There is thus a fundamental difference in how the ecstatic and legalistic modes evaluate emotions. Mr. Tyrrel and Mr. Stanley might agree with the statement made by an angel in another romance: “Love is divine, and it's the pattern in which we're supposed to live our lives” (Spangler 152). The divergence between them arises from the fact that humans tend to have difficulty in discerning the Great Pattern. Those who favour the ecstatic mode will, like Mr. Tyrrel, argue that it is best to be led by the impulses and emotions arising from love, since it is divine (or quasi-divine), and they therefore trust that these will be the truest guide to correct behaviour. For example, in Jennifer Ashley’s paranormal romance Wild Things (2016), the first physical joining of the protagonists is described from the point of view of Mason, a shape-shifter, who experiences an
astonishing joy that flooded him erasing everything he’d previously understood and filling him with new knowledge.
Then he was just Mason, kissing and laughing with the beautiful Jasmine, touching her in the moonlight, the Goddess silently blessing them.
The moment of ecstatic union with the beloved, by virtue of its connection with the divine, permits Mason temporary access to a deeper spiritual knowledge.

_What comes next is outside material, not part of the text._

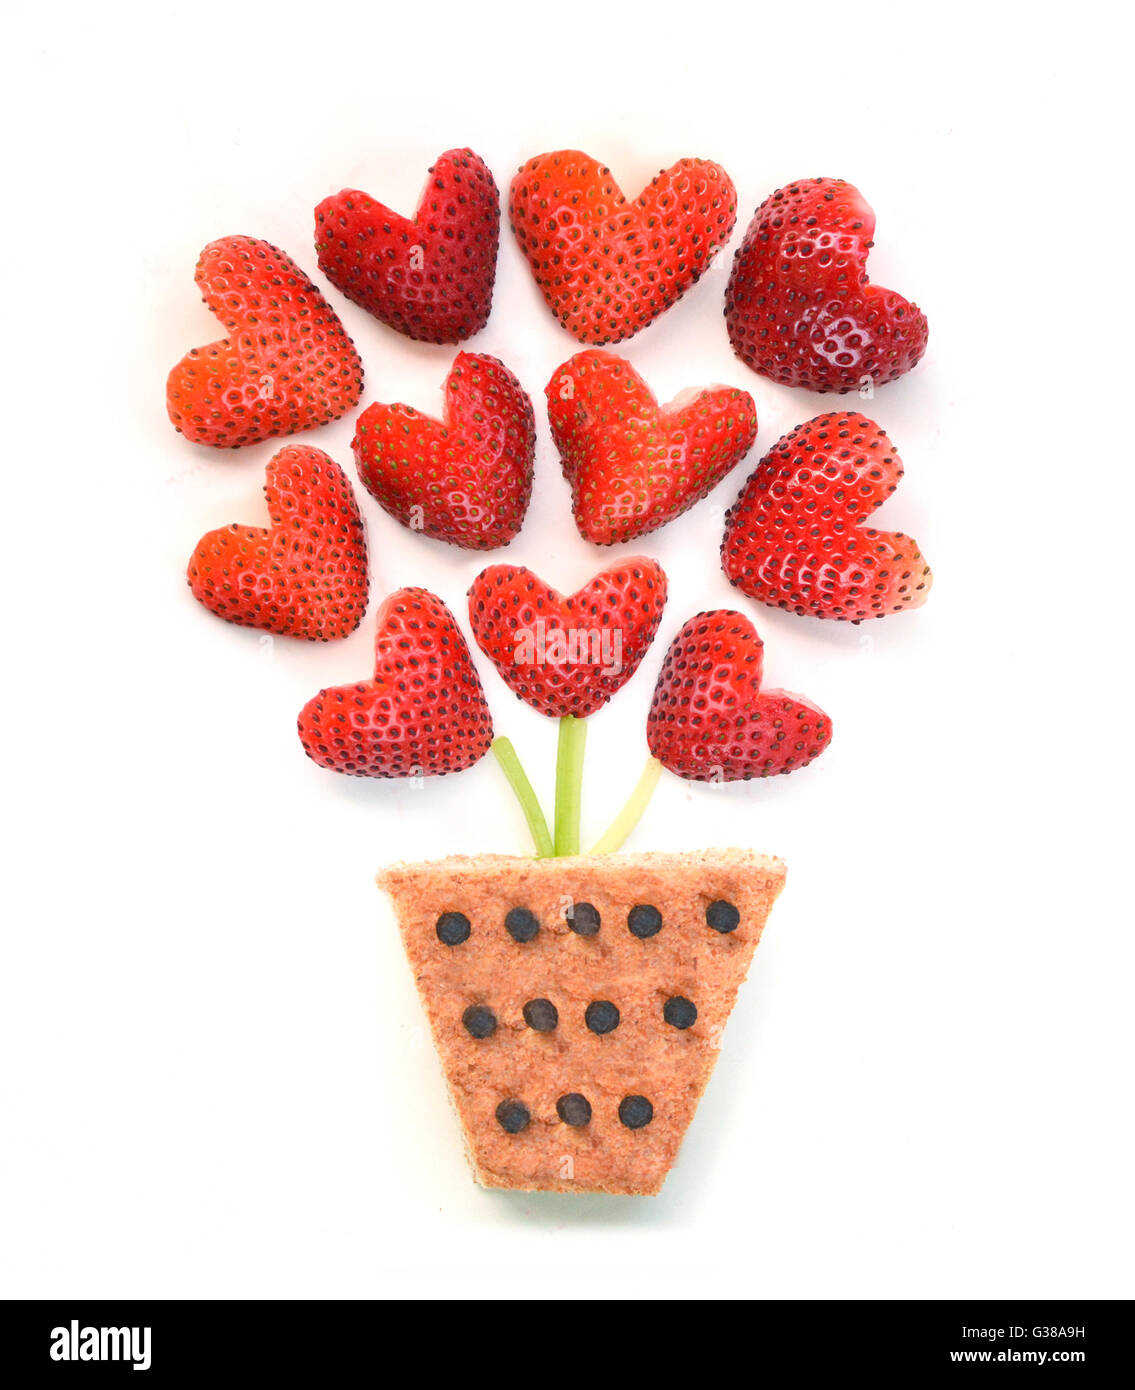 Strawberries in a flower pot concept Stock Photo

Followers of the legalistic mode, however, will urge caution; human beings are not paranormal creatures such as Mason. For them, powerful emotions can be misleading: what gives “the greatest pleasure” to a lover may not ultimately make them happy. Tried and tested rules therefore exist as a necessary safeguard. Even in Ashley’s series, the ecstatic love bestowed by the Goddess is not an unalloyed blessing to all: it creates an almost tangible “mate bond” which can “form from nothing, [...] sink its claws in and not let go. At that point a Shifter had to follow the mate bond, no matter who he had to hurt to do it.” The legalistic mode warns that ecstatic experiences can hurt not just those who surround the lovers, but the lovers themselves, particularly in a context in which there is no certainty that an ecstatic experience is in truth sanctioned by the divine and a conduit to it.